The threat of heavy truck collisions is especially great in the Washington area, said David Longo, spokesman for the Federal Motor Carrier Safety Administration.

"Large urban areas have most of the truck traffic," Mr. Longo said.

The Capital Beltway, which acts as the conduit for much of the area's truck traffic, creates one of the biggest risks of car-truck collisions, he said.

In Maryland, 21,763 automobile accidents involved rear-end collisions in 1999, the most recent year the State Highway Administration reports records. Of those, 1,958 involved heavy trucks and 10 of them resulted in fatalities. A total of 598 persons died on Maryland's roads in 1999.

Although rear-end collisions are common, they most often are deadly when they involve big trucks. The trucks need 20 percent more distance to stop because their weight and bulk give them so much momentum.

In Virginia, 12.6 percent of fatal crashes involved heavy trucks, killing 112 persons in 1999, the last year for which the Virginia Department of Motor Vehicles has records.

Valerie Edgar, spokeswoman for the Maryland State Highway Administration, said automated collision-avoidance systems might be helpful, but they will never substitute for alert drivers.

"That alarm is going to be going off a lot, particularly in the Baltimore area and the Washington area," Mrs. Edgar said. "Passenger cars can cut in front of trucks and trucks need longer to stop."

State Highway Administration statistics show most collisions between big trucks and cars are the fault of car drivers.

"Every safety measure is a plus," Mrs. Edgar said. "But there's still going to be a need to communicate to passenger [car] drivers how to drive near trucks. You want to try to give them a lot of room."

Roadwork zones create one of the biggest risks, the NTSB said. Vehicles that back up traffic as they move slowly around work zones are like an invitation to a rear-end collision.

"The number of accidents that continue to occur at construction-work zones suggests that efforts to inform drivers of congestion at these work-zone sites have not been adequate," the NTSB said.

The NTSB recommendation was based in part on a DaimlerChrysler study that found 60 percent of rear-end collisions could be avoided if car drivers had an extra half-second warning.

Another option that could satisfy the NTSB recommendation would be a cruise-control adaptation that maintains a truck's speed until radar senses something in its path, at which point it automatically would apply the brakes.

NTSB recommendations alone do not require truckers to install the devices. Instead, the Transportation Department must first investigate alternatives and issue a rule. Only after the trucking industry gets a chance to comment on any new rules could they become requirements.

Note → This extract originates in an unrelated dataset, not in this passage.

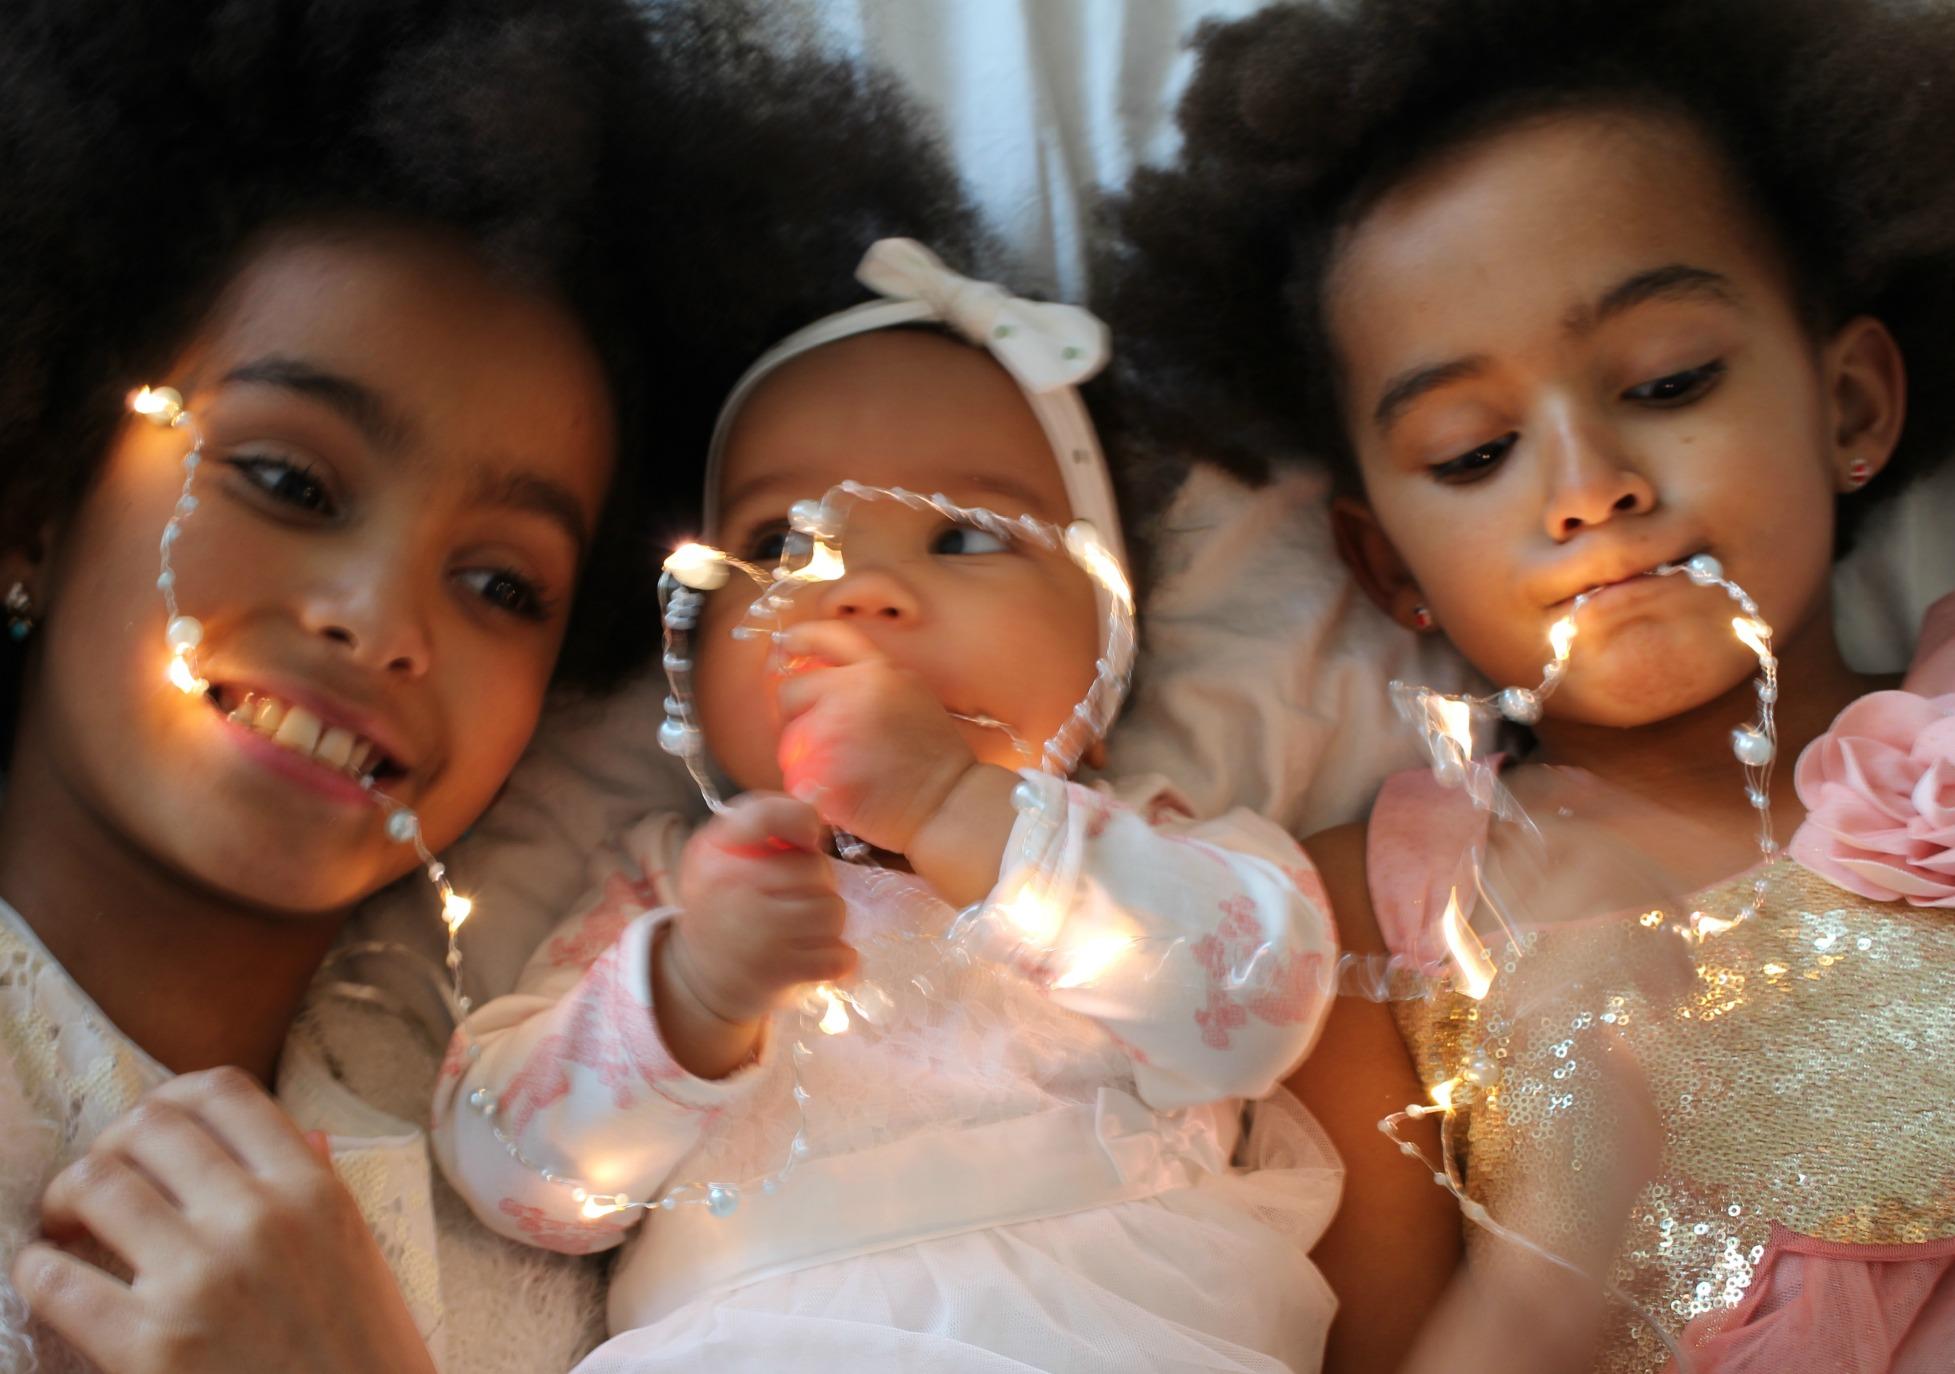 Een ongepland kind is een ongewenst kind-GoodGirslCompany-ongewenst zwanger

The Transportation Department still is studying options. They include the collision-warning system using audible or visual alarms, adaptive cruise control and variable message signs. The signs would be set up alongside roadways and be linked to video-monitoring systems. When a hazard is observed by personnel at a traffic management center, they could change the signs to notify drivers of upcoming hazards, such as traffic backed up around work zones.

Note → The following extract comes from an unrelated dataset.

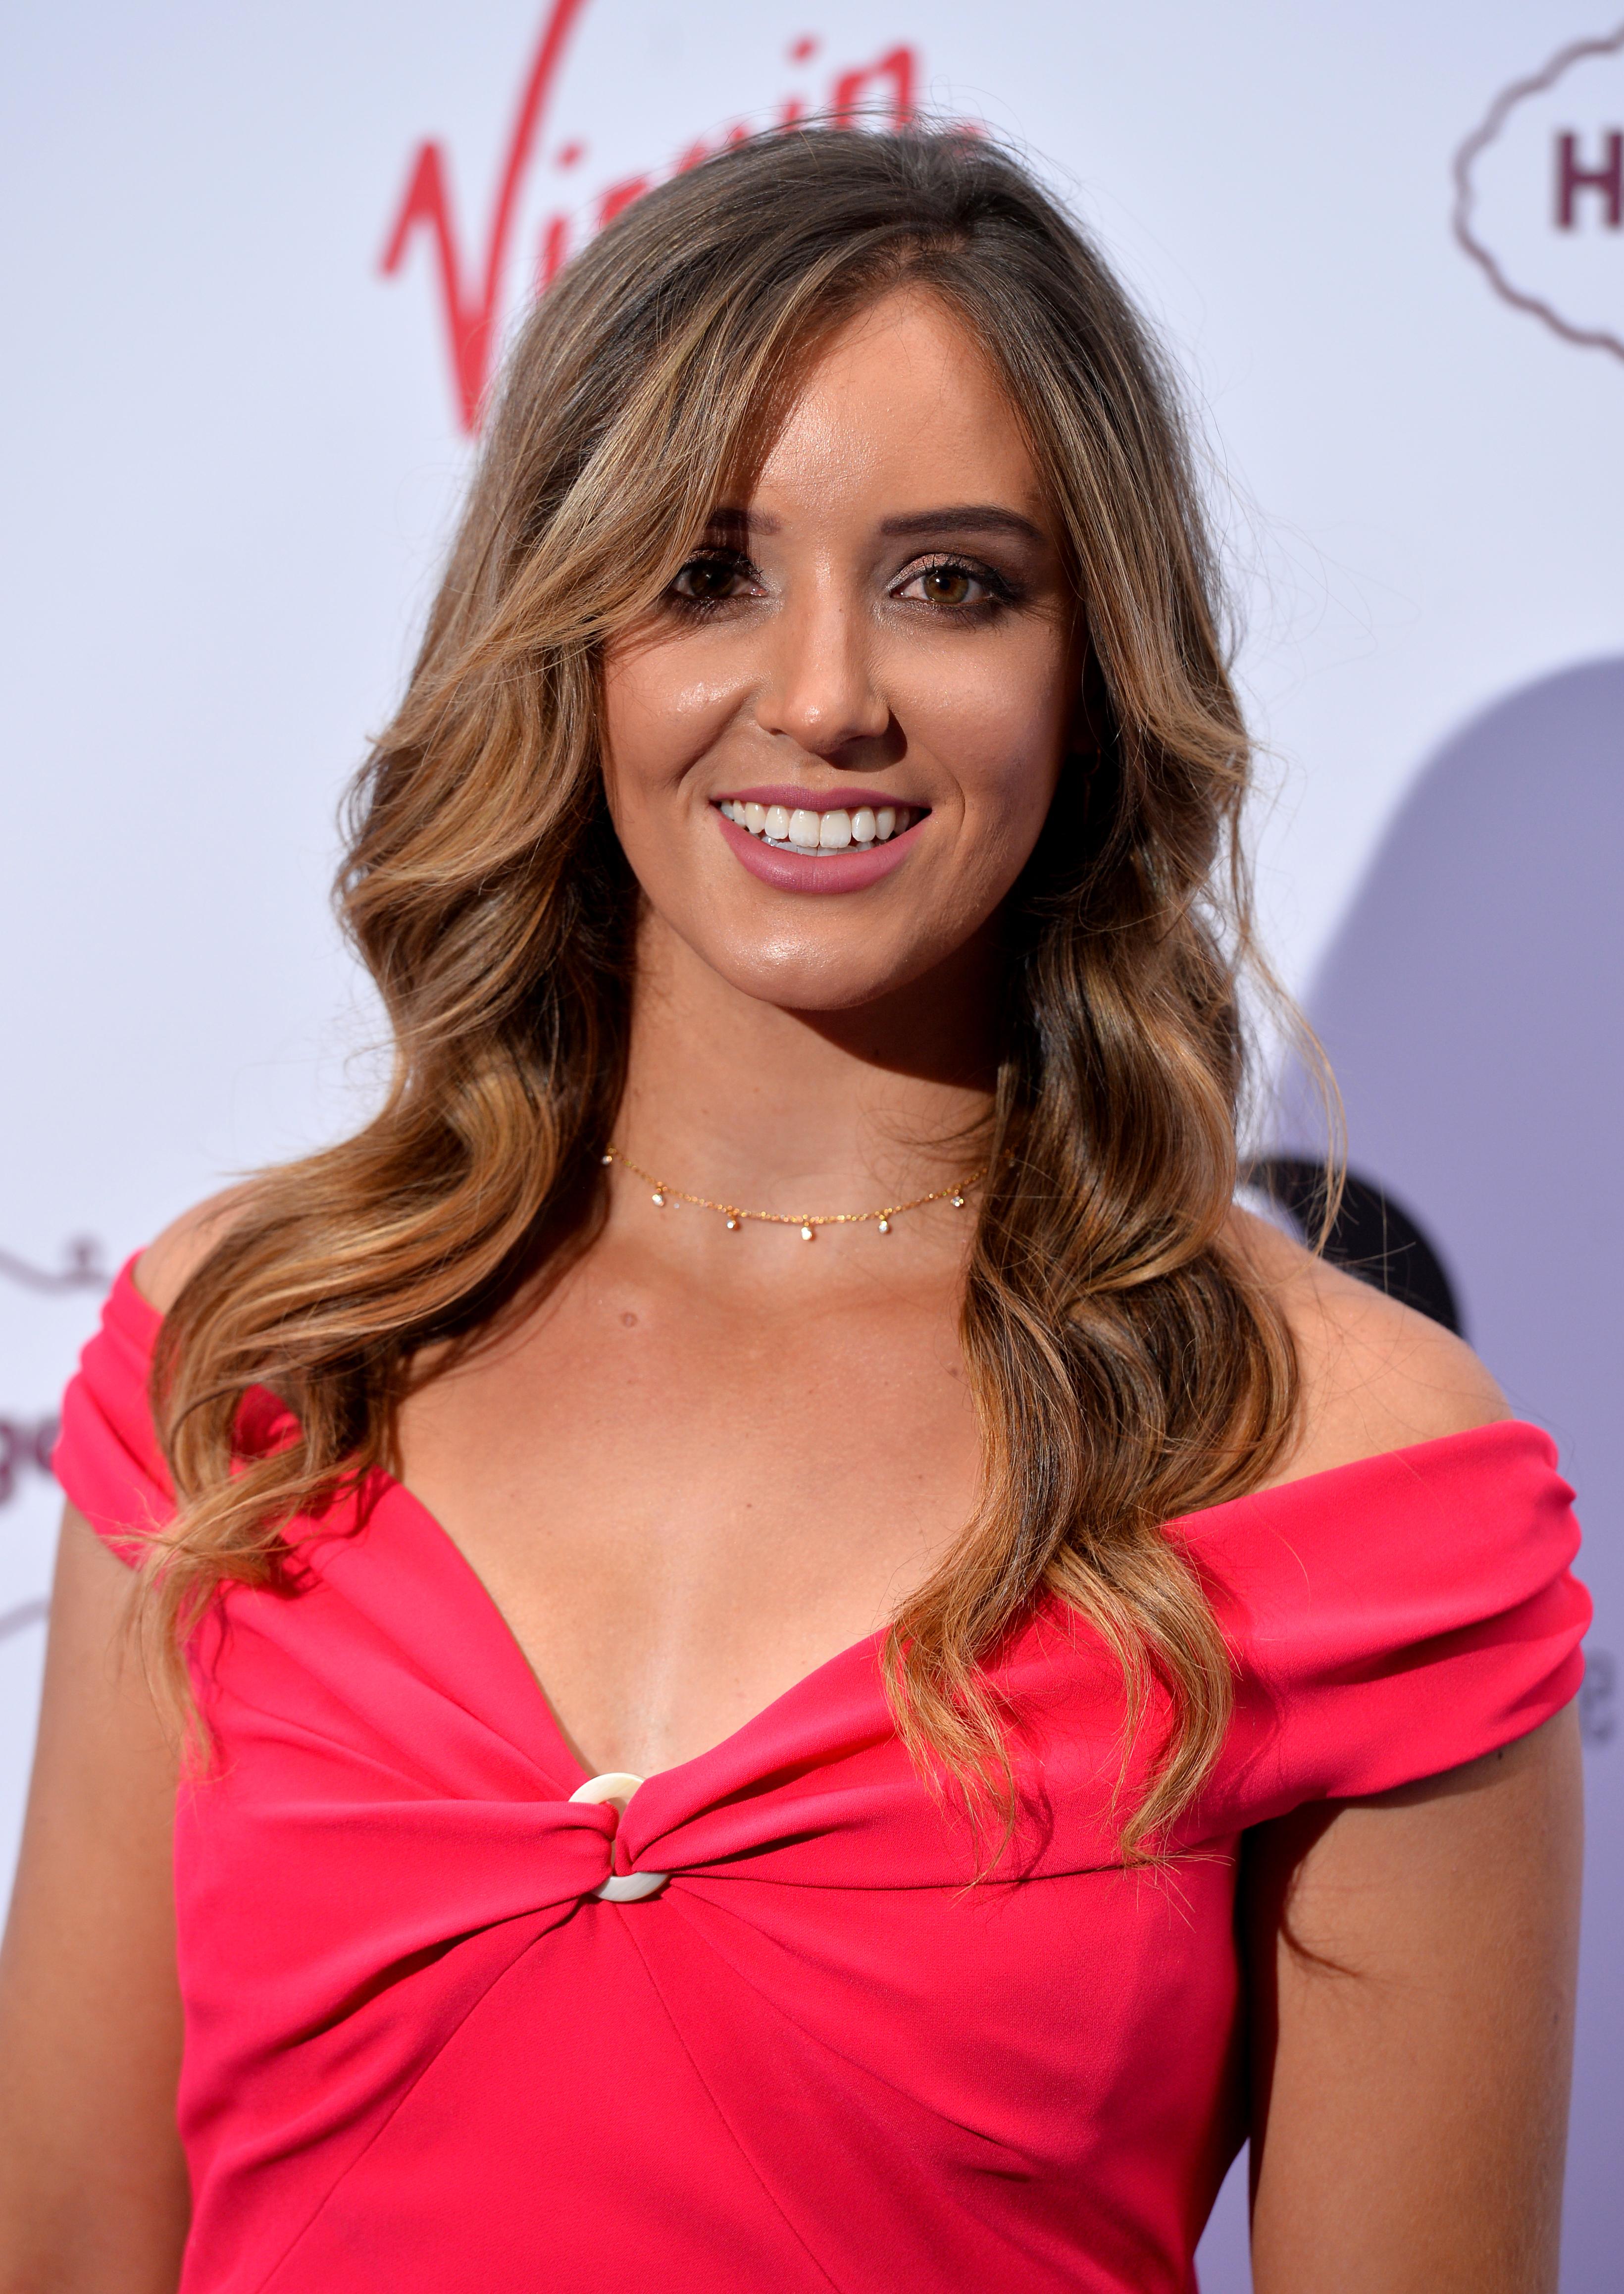 image Laura singer wimbledon tennis porn star

The NTSB criticized the Transportation Department in its report, issued May 1, for dragging its feet. Six years ago, the NTSB made similar recommendations but then temporarily closed the file on collision-avoidance systems in 1999 because of "unacceptable action" by the Transportation Department. In other words, the Transportation Department did not act on the recommendations.

In fact, the NTSB said this month, private industry might be leading the way. "Industry analysts predict the market for [collision-avoidance systems] will grow from $11 million in 1998 to $2.4 billion in 2010," the NTSB report said.

All major truck manufacturers now offer the systems as options. Lexus and Mercedes-Benz plan to begin offering them on their 2001 model cars.